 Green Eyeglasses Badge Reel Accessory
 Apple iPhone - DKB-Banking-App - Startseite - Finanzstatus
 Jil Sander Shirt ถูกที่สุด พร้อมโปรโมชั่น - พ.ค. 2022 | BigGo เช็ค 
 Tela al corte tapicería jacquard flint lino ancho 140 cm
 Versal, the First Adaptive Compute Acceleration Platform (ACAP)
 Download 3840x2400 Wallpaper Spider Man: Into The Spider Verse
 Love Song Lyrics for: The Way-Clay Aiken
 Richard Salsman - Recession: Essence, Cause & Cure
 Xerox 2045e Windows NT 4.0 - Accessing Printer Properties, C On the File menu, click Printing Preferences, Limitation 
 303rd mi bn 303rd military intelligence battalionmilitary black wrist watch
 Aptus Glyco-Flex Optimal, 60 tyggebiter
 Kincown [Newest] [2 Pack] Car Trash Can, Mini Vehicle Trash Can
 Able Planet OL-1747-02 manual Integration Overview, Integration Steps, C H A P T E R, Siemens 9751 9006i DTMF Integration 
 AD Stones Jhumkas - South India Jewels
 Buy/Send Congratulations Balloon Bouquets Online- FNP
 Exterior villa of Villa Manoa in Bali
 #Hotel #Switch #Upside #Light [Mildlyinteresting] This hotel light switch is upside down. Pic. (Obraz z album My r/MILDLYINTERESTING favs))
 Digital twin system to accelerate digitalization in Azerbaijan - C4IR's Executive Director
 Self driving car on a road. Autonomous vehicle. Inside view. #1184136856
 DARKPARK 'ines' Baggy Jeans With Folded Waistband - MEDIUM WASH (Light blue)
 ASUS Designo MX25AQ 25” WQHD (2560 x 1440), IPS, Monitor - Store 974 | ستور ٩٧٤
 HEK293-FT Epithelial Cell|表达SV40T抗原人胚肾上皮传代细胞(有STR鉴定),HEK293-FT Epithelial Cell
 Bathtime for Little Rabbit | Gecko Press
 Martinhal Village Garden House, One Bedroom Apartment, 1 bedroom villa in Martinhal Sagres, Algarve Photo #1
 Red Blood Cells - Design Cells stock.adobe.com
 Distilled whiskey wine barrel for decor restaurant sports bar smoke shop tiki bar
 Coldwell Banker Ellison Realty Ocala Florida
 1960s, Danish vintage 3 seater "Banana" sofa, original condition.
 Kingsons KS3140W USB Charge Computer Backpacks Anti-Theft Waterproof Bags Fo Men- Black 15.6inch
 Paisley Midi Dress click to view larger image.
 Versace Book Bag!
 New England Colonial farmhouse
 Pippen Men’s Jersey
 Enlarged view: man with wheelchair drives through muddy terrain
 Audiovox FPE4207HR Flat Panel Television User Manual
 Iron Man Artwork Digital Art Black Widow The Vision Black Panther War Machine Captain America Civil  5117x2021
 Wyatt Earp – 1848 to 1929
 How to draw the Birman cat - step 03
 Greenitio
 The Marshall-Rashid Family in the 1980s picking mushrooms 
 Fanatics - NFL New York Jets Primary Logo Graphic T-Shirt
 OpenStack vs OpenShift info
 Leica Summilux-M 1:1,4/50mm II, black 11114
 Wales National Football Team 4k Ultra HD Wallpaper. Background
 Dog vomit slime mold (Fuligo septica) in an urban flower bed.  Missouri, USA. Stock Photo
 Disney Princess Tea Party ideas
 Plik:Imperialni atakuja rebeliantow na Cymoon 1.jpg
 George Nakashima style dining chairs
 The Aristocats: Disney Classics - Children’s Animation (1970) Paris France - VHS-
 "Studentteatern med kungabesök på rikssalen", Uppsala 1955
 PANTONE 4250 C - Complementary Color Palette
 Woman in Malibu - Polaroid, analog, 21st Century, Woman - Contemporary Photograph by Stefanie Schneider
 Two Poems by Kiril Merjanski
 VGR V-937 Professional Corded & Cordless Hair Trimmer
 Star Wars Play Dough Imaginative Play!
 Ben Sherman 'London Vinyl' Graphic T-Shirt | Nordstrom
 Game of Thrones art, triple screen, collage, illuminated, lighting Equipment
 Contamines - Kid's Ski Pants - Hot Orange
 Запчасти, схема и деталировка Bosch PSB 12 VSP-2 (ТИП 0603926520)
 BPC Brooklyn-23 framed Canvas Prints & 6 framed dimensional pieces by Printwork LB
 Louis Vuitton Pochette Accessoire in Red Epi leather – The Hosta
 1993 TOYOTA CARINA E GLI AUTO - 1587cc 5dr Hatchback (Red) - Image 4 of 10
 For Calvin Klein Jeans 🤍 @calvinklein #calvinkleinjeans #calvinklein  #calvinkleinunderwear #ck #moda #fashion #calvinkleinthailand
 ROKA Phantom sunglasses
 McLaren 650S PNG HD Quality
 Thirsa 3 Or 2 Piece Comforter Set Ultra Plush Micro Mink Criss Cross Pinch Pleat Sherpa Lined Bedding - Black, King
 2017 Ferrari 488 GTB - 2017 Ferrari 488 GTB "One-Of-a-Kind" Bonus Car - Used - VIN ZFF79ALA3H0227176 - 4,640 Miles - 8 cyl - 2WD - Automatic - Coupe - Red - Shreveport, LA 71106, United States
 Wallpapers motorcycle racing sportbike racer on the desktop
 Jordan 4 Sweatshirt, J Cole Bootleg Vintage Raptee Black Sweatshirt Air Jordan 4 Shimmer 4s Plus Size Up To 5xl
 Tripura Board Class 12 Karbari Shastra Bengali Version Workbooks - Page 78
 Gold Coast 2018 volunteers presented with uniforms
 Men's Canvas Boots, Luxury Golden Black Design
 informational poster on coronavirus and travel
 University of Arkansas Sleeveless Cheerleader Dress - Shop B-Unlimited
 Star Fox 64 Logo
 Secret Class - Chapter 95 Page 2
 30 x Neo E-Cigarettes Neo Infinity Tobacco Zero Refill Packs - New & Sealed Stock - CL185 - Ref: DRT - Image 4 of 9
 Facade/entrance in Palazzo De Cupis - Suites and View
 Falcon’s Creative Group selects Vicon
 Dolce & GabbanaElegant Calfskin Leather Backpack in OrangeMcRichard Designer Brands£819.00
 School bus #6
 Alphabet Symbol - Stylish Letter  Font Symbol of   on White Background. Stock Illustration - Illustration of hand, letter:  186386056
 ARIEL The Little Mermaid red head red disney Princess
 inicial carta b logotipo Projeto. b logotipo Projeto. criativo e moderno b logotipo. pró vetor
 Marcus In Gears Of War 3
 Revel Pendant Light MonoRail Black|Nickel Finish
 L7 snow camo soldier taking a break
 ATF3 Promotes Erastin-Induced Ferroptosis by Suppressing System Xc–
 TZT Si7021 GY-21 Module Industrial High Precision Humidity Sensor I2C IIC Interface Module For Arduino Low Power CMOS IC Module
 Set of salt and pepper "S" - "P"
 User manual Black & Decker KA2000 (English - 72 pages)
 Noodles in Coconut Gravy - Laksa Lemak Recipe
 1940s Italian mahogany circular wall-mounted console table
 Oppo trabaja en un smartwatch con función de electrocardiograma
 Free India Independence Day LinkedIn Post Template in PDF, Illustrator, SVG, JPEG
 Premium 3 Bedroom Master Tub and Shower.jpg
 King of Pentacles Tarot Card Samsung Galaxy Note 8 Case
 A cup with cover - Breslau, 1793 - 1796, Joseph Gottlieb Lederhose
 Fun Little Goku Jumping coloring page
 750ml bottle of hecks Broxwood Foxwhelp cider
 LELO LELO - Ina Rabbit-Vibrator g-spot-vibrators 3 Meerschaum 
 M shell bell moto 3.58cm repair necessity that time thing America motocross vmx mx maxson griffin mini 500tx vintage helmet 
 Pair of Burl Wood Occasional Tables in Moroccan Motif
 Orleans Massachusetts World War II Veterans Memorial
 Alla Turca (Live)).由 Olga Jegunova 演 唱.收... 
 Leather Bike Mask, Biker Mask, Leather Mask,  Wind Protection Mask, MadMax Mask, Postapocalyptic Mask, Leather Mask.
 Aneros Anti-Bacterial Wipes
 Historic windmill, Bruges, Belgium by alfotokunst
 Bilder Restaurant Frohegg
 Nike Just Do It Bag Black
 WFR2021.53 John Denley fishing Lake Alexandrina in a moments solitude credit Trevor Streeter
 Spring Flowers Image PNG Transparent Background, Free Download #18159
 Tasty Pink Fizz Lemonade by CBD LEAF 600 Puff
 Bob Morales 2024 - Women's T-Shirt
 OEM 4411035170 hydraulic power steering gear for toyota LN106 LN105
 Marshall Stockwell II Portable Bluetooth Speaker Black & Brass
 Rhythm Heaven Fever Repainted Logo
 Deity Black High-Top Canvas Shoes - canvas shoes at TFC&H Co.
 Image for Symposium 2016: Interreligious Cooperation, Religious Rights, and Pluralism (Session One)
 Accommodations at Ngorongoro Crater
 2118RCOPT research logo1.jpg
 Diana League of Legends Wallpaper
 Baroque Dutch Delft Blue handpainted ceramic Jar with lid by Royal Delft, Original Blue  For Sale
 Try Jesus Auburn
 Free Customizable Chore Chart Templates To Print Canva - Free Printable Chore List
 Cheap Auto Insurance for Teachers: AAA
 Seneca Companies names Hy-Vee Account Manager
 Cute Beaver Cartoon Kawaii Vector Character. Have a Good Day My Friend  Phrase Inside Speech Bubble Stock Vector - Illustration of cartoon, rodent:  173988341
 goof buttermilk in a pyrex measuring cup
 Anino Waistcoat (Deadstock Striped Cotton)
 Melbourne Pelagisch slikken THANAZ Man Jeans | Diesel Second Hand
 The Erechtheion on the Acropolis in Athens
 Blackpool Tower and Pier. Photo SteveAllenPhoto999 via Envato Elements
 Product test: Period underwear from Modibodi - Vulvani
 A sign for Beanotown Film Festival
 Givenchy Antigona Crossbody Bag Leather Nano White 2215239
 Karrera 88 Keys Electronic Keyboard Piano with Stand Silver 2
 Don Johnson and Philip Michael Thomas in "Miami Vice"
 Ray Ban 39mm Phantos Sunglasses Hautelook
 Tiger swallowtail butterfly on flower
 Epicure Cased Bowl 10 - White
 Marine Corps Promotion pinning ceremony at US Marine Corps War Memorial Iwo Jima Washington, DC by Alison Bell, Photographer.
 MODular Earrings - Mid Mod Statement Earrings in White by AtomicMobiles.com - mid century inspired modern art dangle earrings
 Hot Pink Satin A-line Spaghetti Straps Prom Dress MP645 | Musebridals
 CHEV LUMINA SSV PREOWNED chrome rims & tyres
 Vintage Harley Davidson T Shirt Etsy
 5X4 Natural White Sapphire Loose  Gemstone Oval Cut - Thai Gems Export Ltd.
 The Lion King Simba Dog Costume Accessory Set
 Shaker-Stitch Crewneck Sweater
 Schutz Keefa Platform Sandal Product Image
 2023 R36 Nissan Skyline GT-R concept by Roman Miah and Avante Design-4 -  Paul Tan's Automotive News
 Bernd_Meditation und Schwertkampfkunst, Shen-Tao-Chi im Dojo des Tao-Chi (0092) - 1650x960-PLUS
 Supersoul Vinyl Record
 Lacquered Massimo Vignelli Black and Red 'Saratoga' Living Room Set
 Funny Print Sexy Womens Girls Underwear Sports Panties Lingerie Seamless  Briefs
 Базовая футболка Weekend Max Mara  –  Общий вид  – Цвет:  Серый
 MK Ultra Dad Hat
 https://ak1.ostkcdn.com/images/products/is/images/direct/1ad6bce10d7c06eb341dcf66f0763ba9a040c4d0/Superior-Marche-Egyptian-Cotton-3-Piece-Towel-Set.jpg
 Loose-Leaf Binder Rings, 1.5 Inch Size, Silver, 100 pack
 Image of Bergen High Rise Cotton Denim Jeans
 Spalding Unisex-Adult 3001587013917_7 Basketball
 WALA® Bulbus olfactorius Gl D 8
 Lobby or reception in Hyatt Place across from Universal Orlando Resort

## DIRECTIONS FOR THIS TASK
Everything from the line with "A cup with cover" through the line with "Orleans Massachusetts World" in the listing above must be retyped exactly, with nothing added.

## EXERCISE ANSWER
 A cup with cover - Breslau, 1793 - 1796, Joseph Gottlieb Lederhose
 Fun Little Goku Jumping coloring page
 750ml bottle of hecks Broxwood Foxwhelp cider
 LELO LELO - Ina Rabbit-Vibrator g-spot-vibrators 3 Meerschaum 
 M shell bell moto 3.58cm repair necessity that time thing America motocross vmx mx maxson griffin mini 500tx vintage helmet 
 Pair of Burl Wood Occasional Tables in Moroccan Motif
 Orleans Massachusetts World War II Veterans Memorial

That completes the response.